** THE DATA **
════════════════════

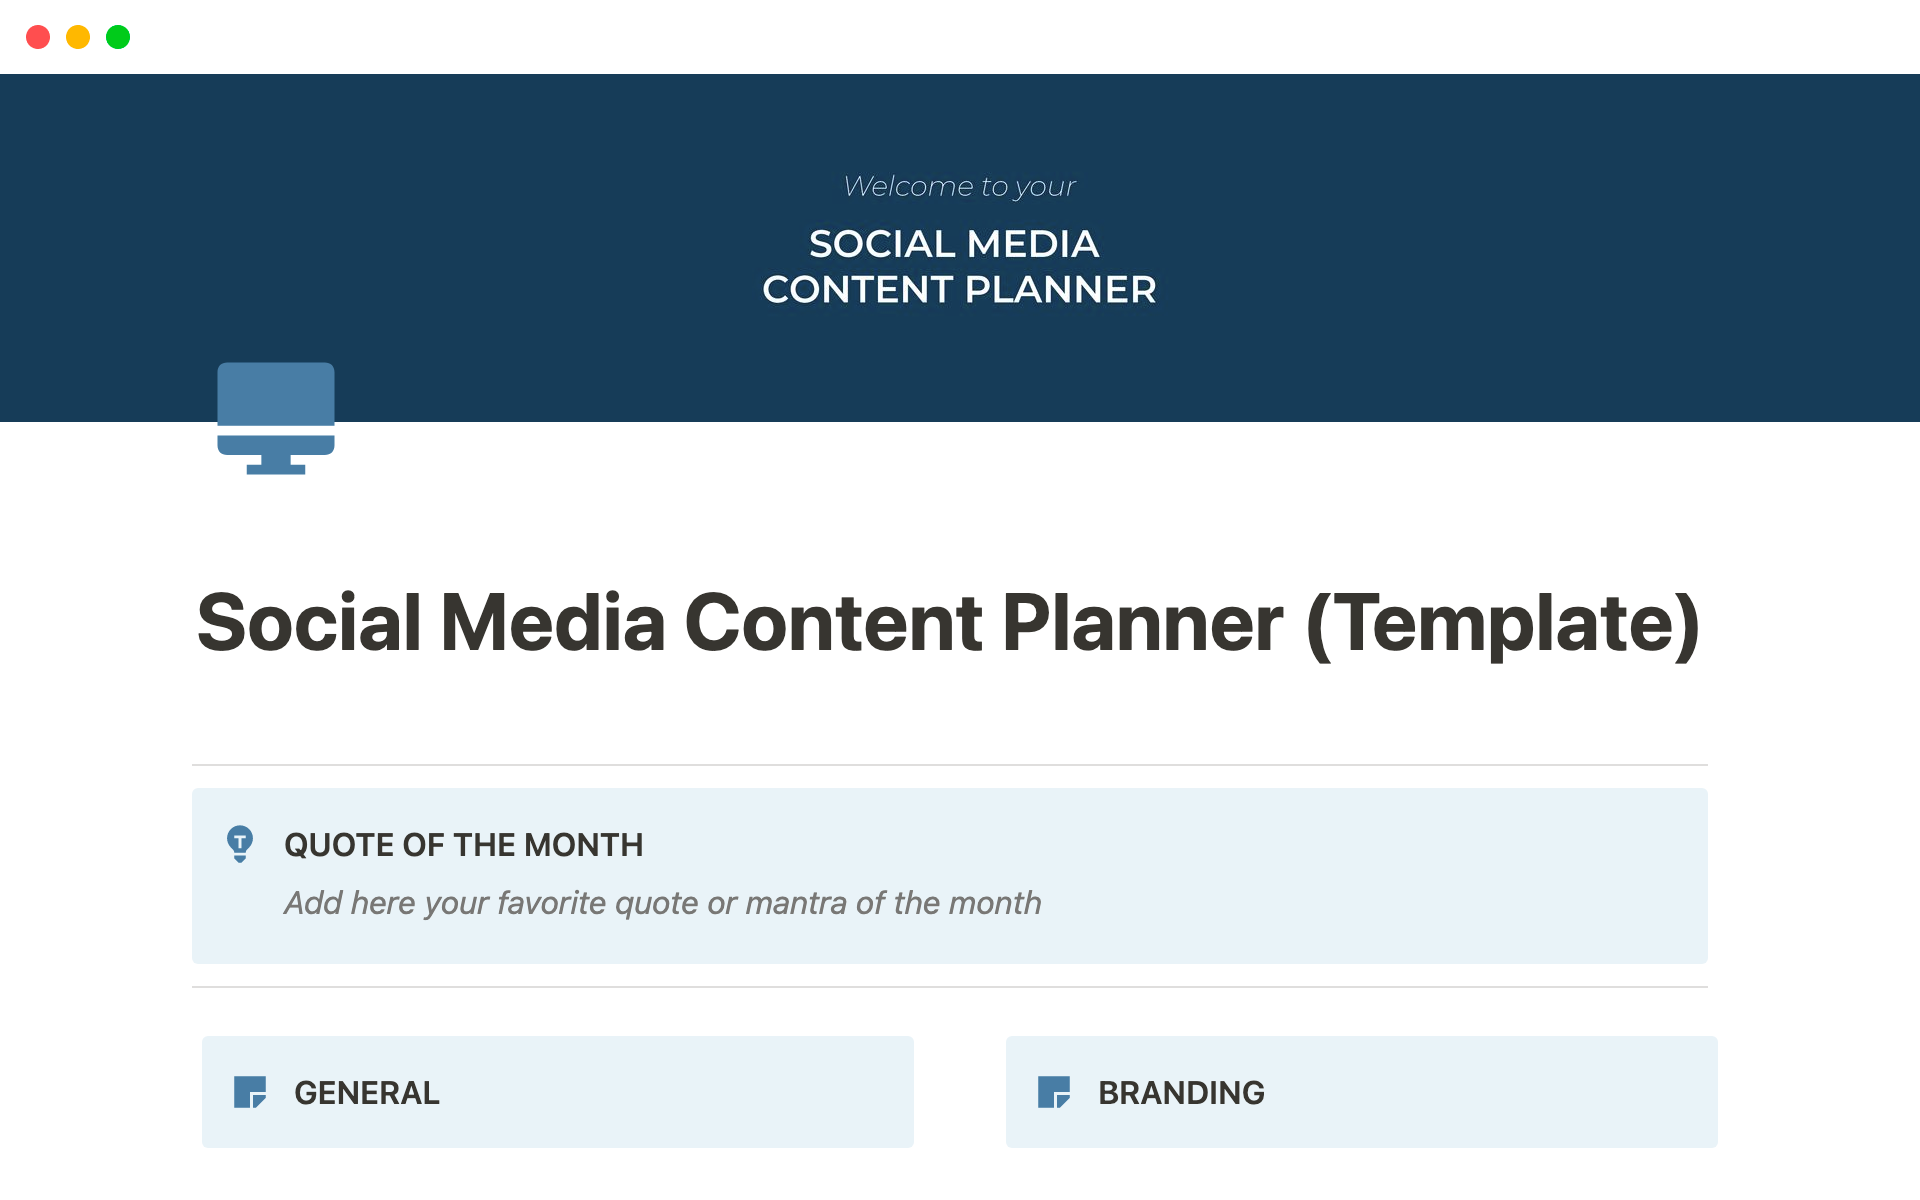 A template preview for Social Media Content Planner: Unleash your social media potential with our content planner!
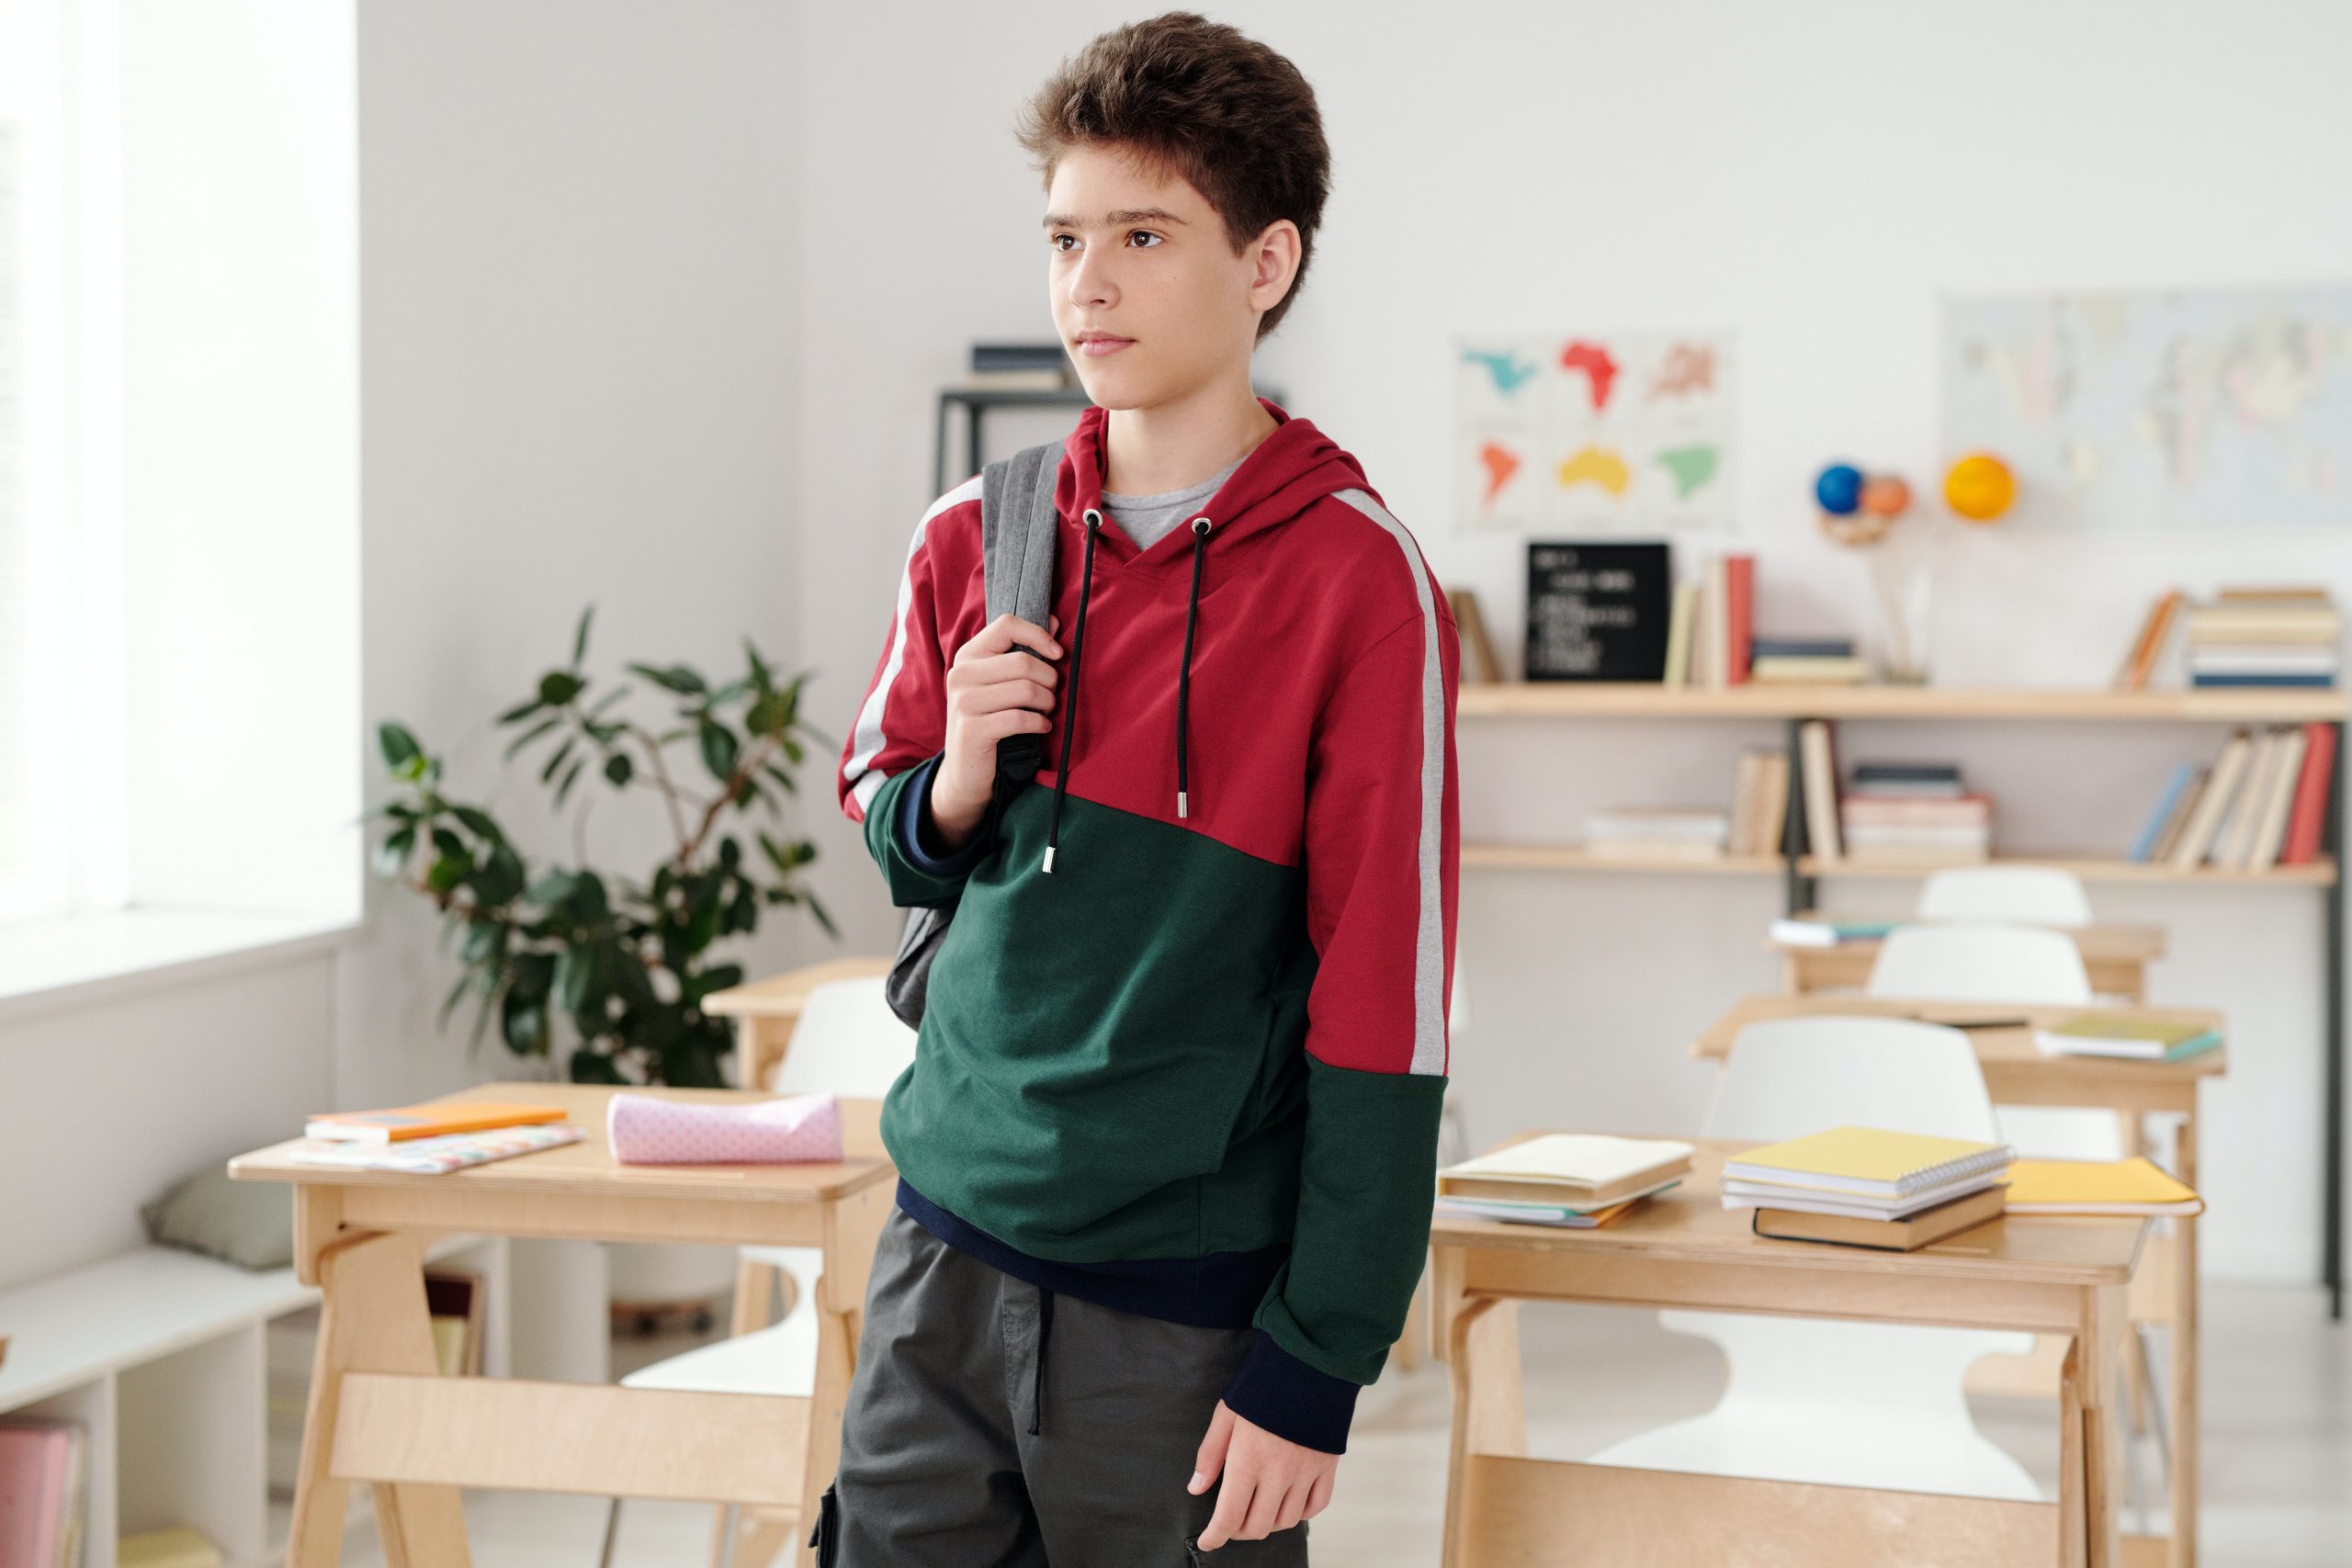 Teenage boy with backpack standing in a classroom with maps and books in the background. 
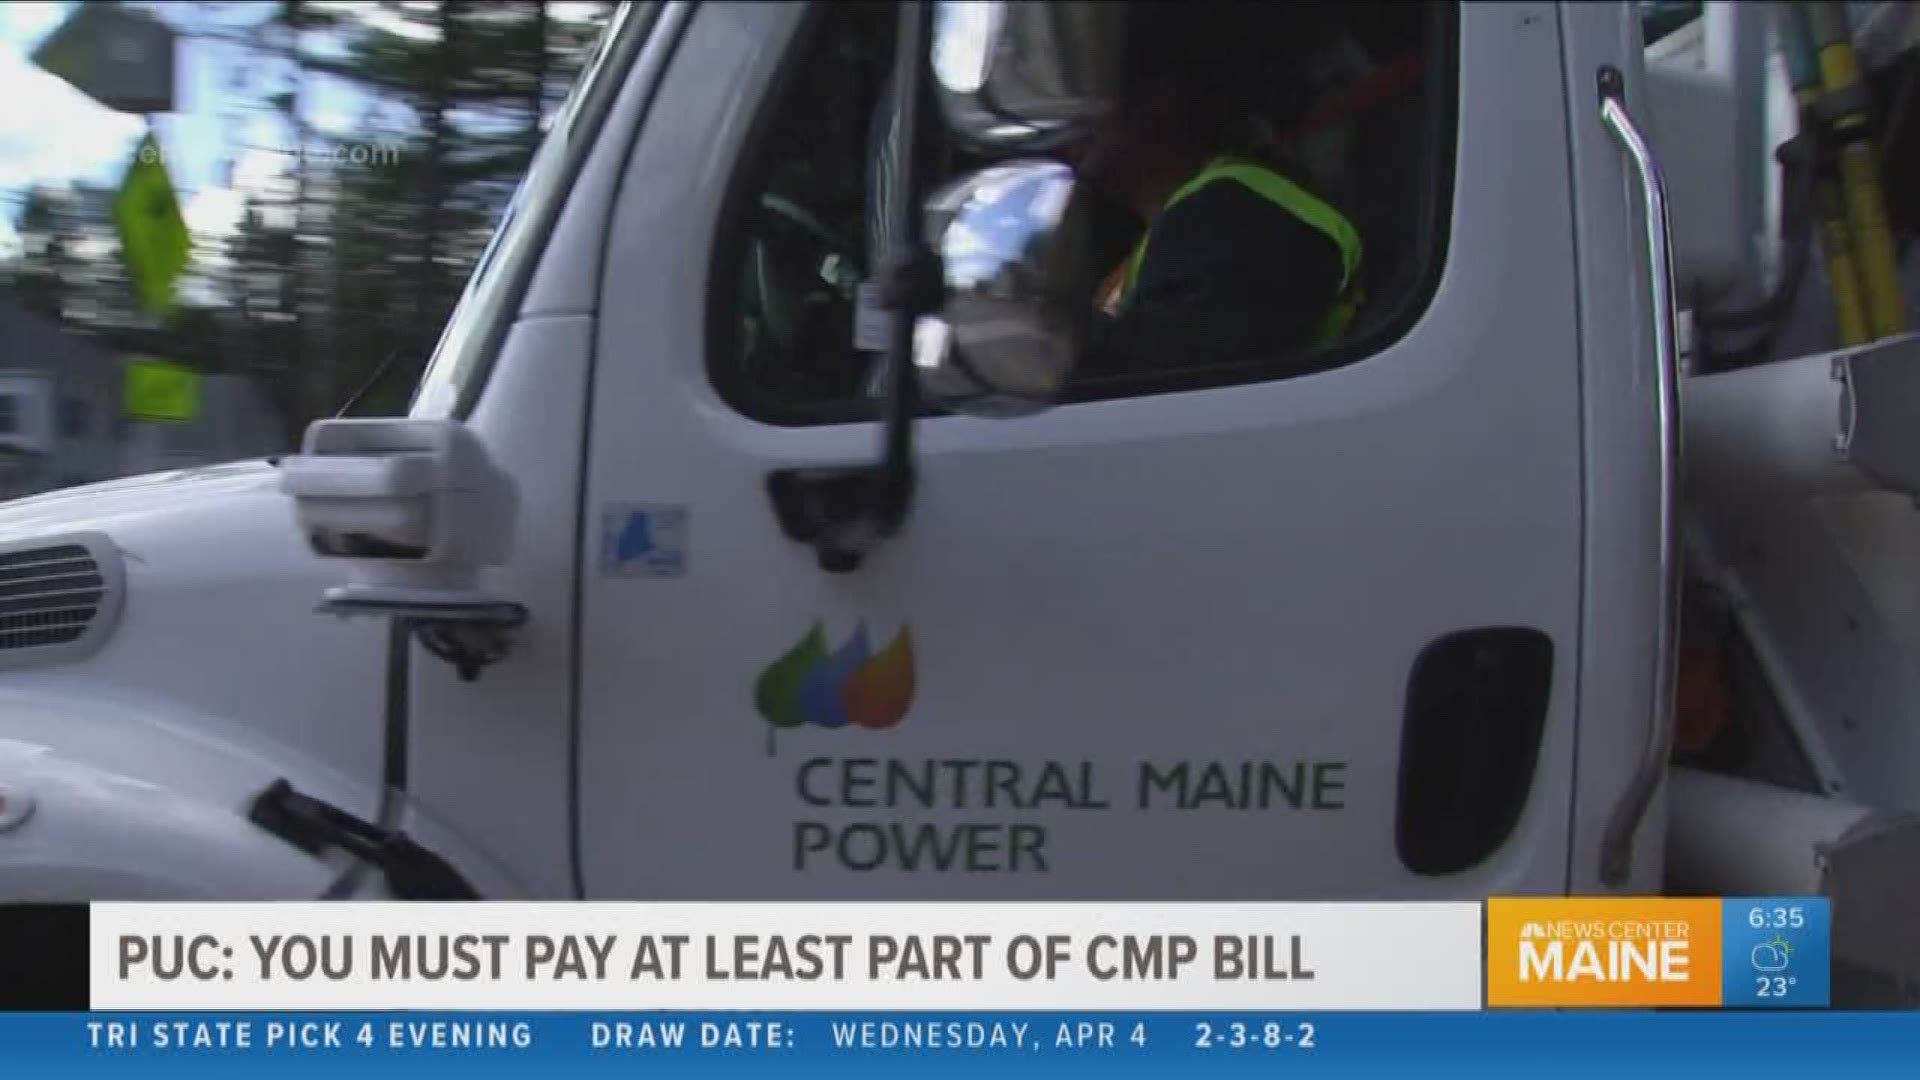 PUC rules customers must pay at least part of CMP bill even if they are disputing charges

════════════════════

** TRY IT **
Where a picture appears, omit it; otherwise reproduce each line above from the first to the one with "Teenage boy with", inclusive.

** FINAL ANSWER **
 A template preview for Social Media Content Planner: Unleash your social media potential with our content planner!
 Teenage boy with backpack standing in a classroom with maps and books in the background. 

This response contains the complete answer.